→ EXERCISE GOAL:
The whole listing below needs to be duplicated exactly, pictures aside.

→ SUPPLIED MATERIAL:
★ ★ ★ ★
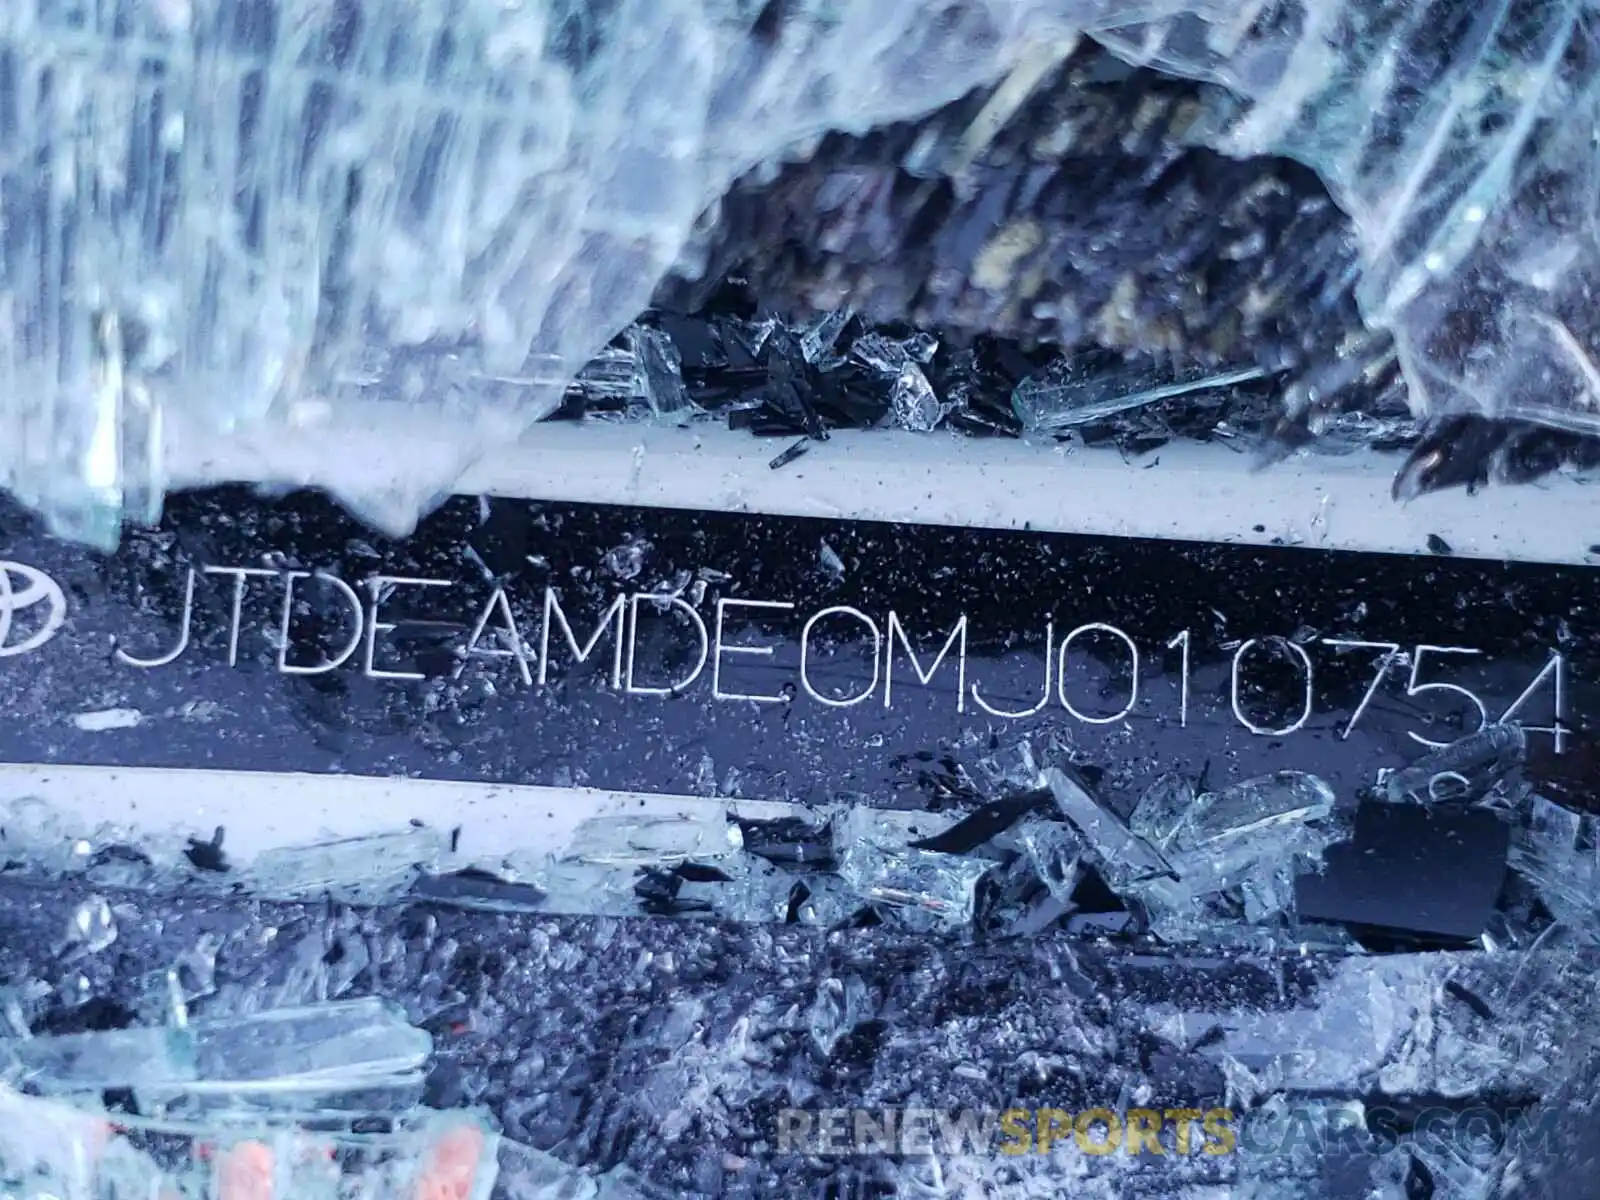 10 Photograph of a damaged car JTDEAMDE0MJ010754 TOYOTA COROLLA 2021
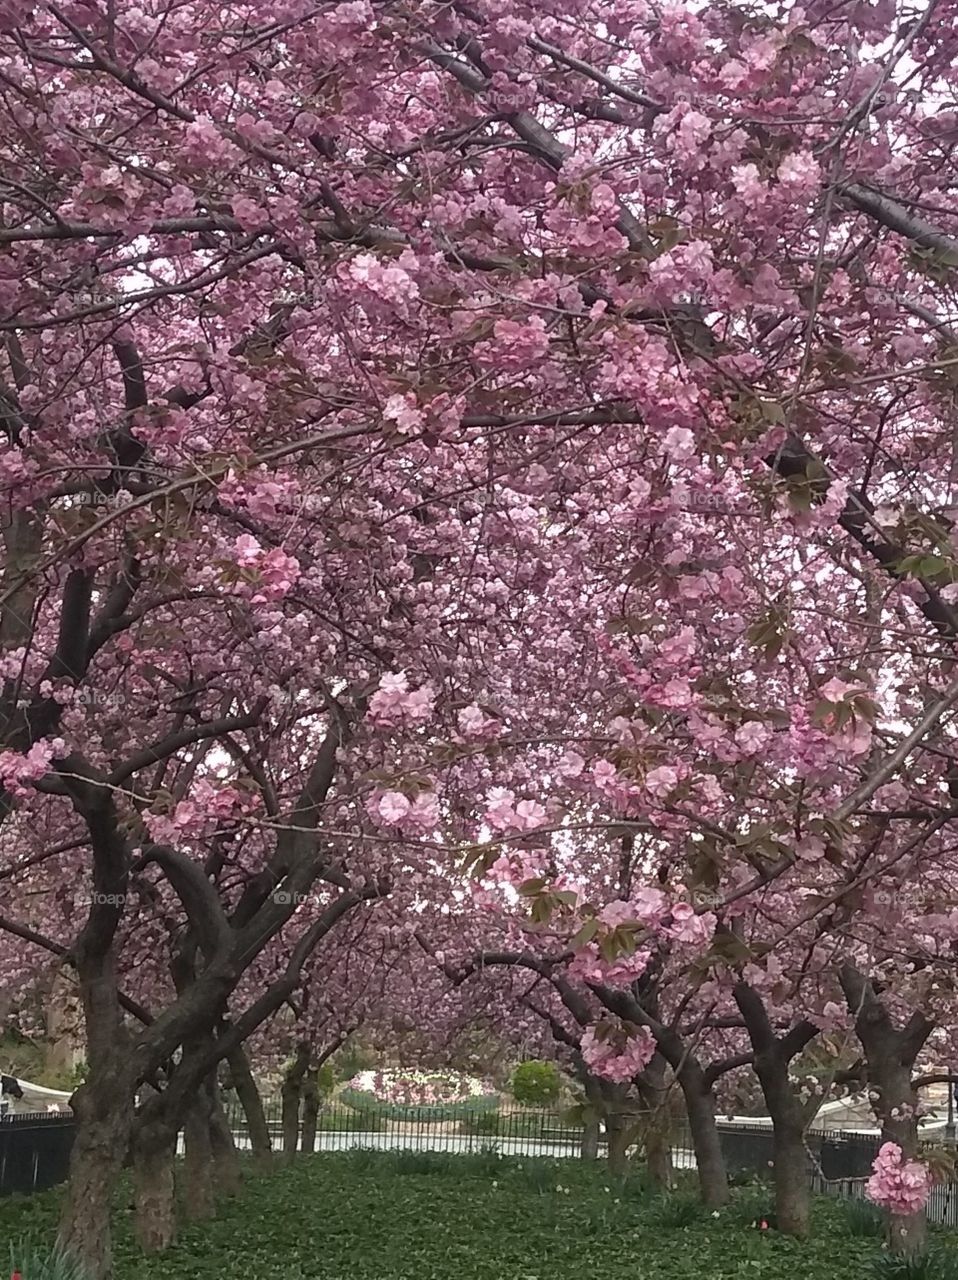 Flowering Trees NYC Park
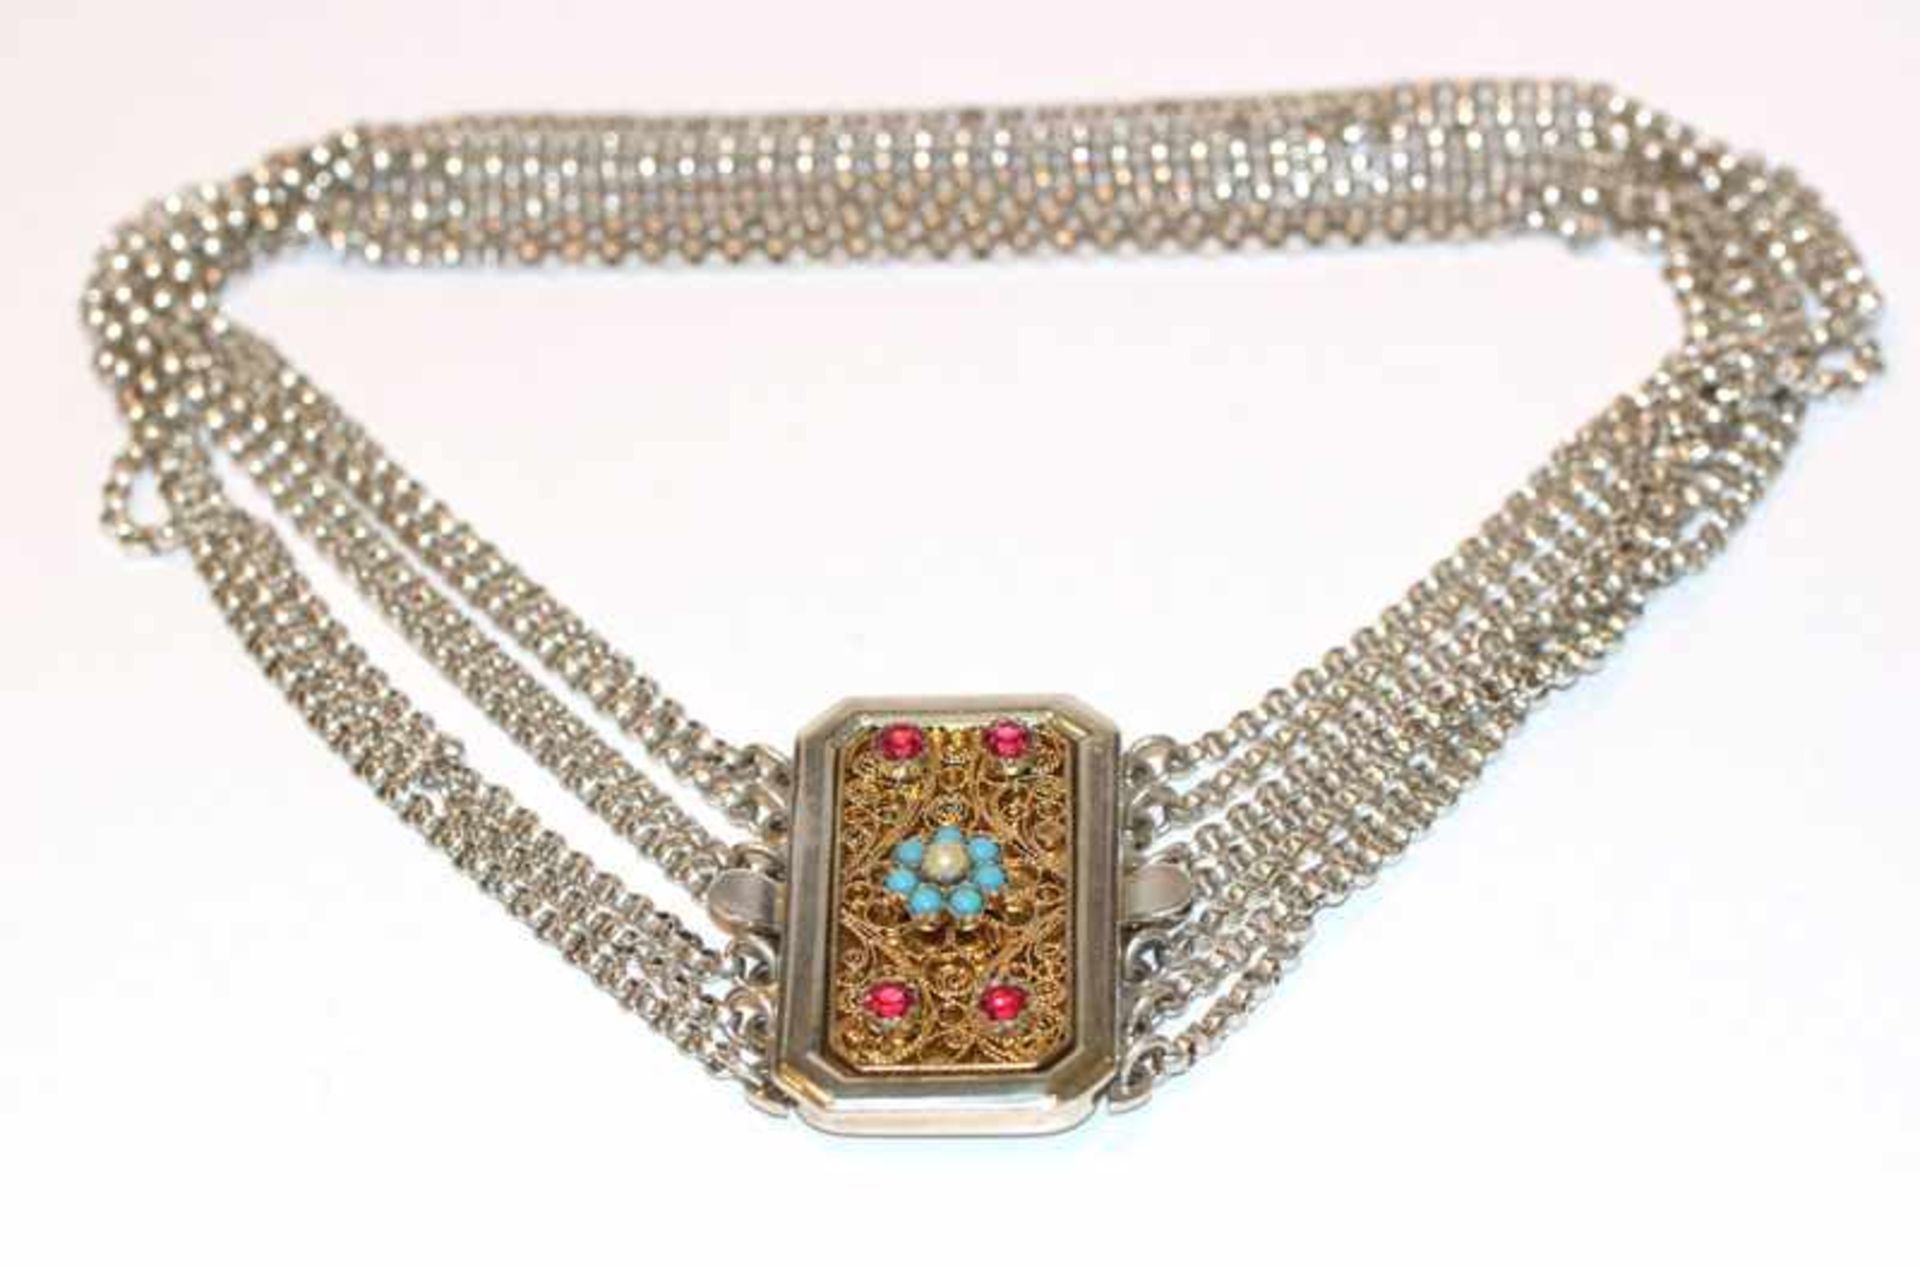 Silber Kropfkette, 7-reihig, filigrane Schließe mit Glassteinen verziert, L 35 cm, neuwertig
★ ★ ★ ★
→ RESPONSE TO THIS TASK:
 10 Photograph of a damaged car JTDEAMDE0MJ010754 TOYOTA COROLLA 2021
 Flowering Trees NYC Park
 Silber Kropfkette, 7-reihig, filigrane Schließe mit Glassteinen verziert, L 35 cm, neuwertig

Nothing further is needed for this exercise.